Australian artist (born 1943)

Virginia Cuppaidge (born 1943) is an Australian contemporary abstract expressionist painter. She lived and worked in New York for almost five decades, before returning to live permanently in Australia. Since 1965, Cuppaidge has held more than thirty-three exhibitions in Australia, USA and Canada.

== Biography ==

Born in Brisbane, Queensland, in 1943, Cuppaidge was the middle child of Russell and Judy Cuppaidge. Her father's portrait, painted by Jon Molvig, was shortlisted for the 1959 Archibald Prize. Cuppaidge moved to Sydney and earned a Master of Fine Art degree from the Mary White School of Art. She lived in New York from 1968 until returning to Australia in 2017 and settled in Newcastle, New South Wales.

== Early career ==
Influenced from a young age by her mother, a botanical painter with an interest in textiles, Cuppaidge dabbled with textiles in the 1960s but soon became interested in painting. She studied in Sydney with Desiderius Orban, Stanislaus Rapotec, Marea Gazzard, John Olsen and Robert Klippel before moving to New York in 1969. Arriving in New York, she called the only contact she had, Australian sculptor Clement Meadmore. They became a couple that year, and Meadmore found Cuppaidge a studio where she began to work on her large-scale geometric abstractions.

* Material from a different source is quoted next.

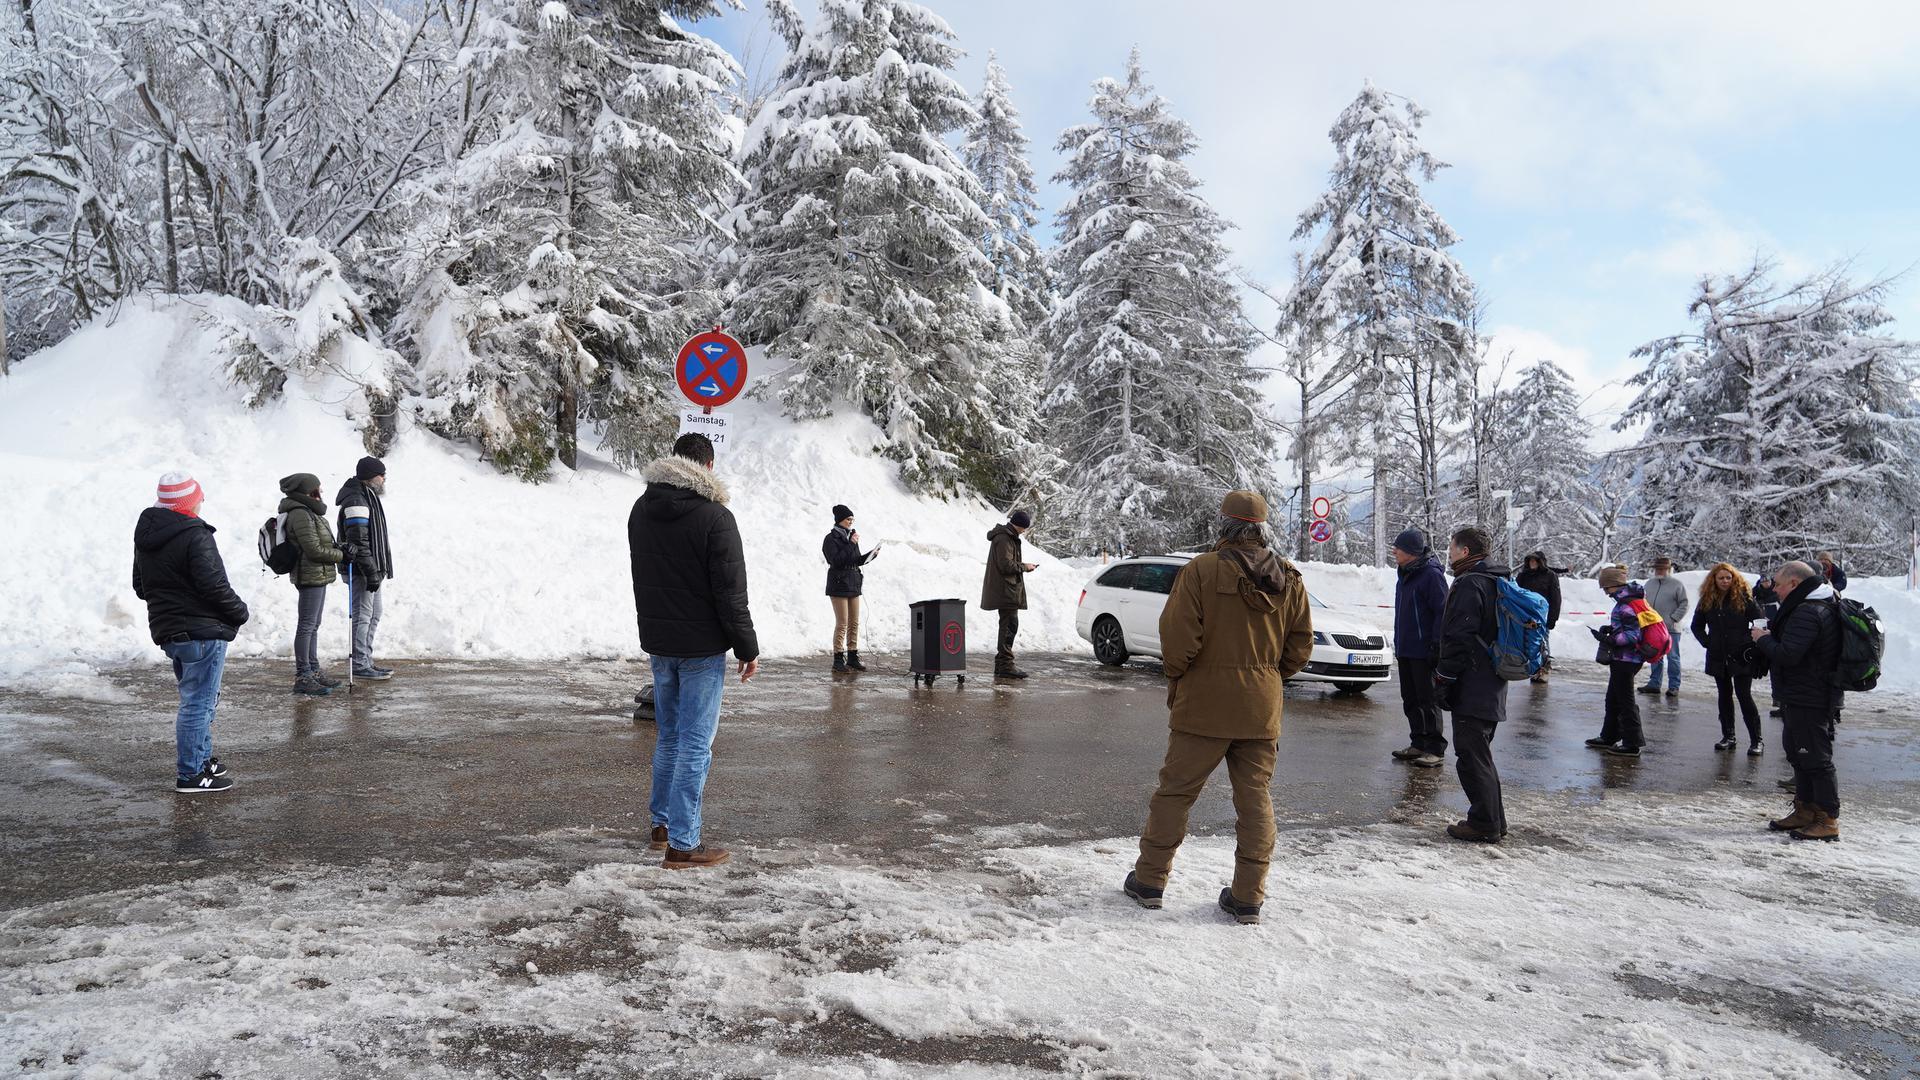 Gruppe von Menschen auf einem Parkplatz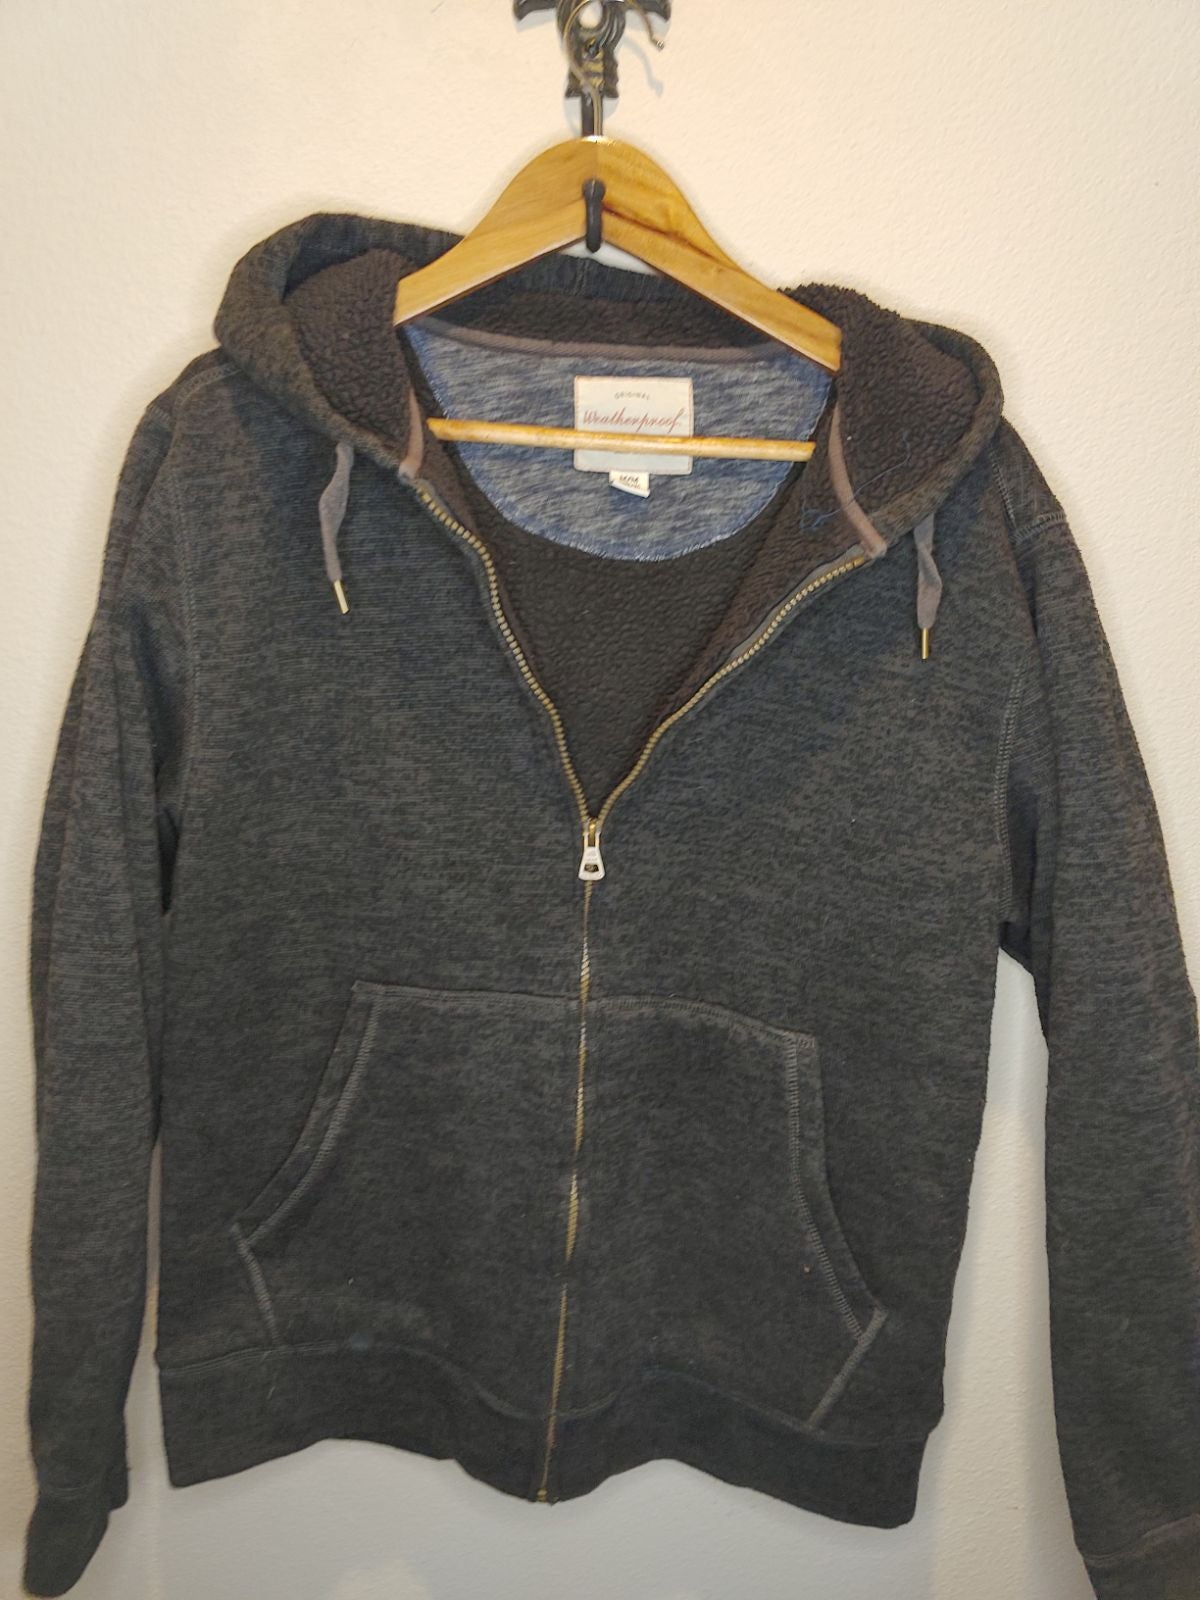 Weatherproof fleece men's hoodie jacket

== Artistic Development ==
Cuppaidge's first solo show was in 1973 at A. M. Sachs Gallery in New York. Her work impressed the New York art critic Clement Greenberg, who commented on Cuppaidge's "sophisticated maturity". In 1974 Cuppaidge returned to Australia with a body of work which was exhibited at Gallery A in Sydney. The Bulletin referred to her work as 'handsome, no compromise works' in a horizontal format and the arts writer was impressed with Cuppaidge's 'boldness of conception'.

Cuppaidge was awarded a Guggenheim Fellowship in 1976. Cuppaidge did not entirely remove herself from her Australian roots, successfully applying for an Australia Council grant to assist with studio costs in New York.

During her years living in New York, Cuppaidge exhibits regularly in both the United States and Australia. In 1993 she exhibited with fellow ex-patriate Australian artist Judith Cotton at the Wagner Gallery in Hong Kong.

Her work is held by the National Gallery of Australia; Art Gallery of New South Wales; Art Gallery of Western Australia; Australian Consulate General, New York; Jazz Museum in Harlem, New York; Australian Embassies; Chase Manhattan Bank, New York City; Neuberger Museum, NY; Whitney Communications, New York City; Westpac Bank, New York City.

Georffrey de Groen interviewed Cuppaidge for his Oral History Collection at the National Library of Australia in 1976.

== Oral History ==
An oral history with Cuppaidge recorded in 1976 is accessible through the National Library of Australia.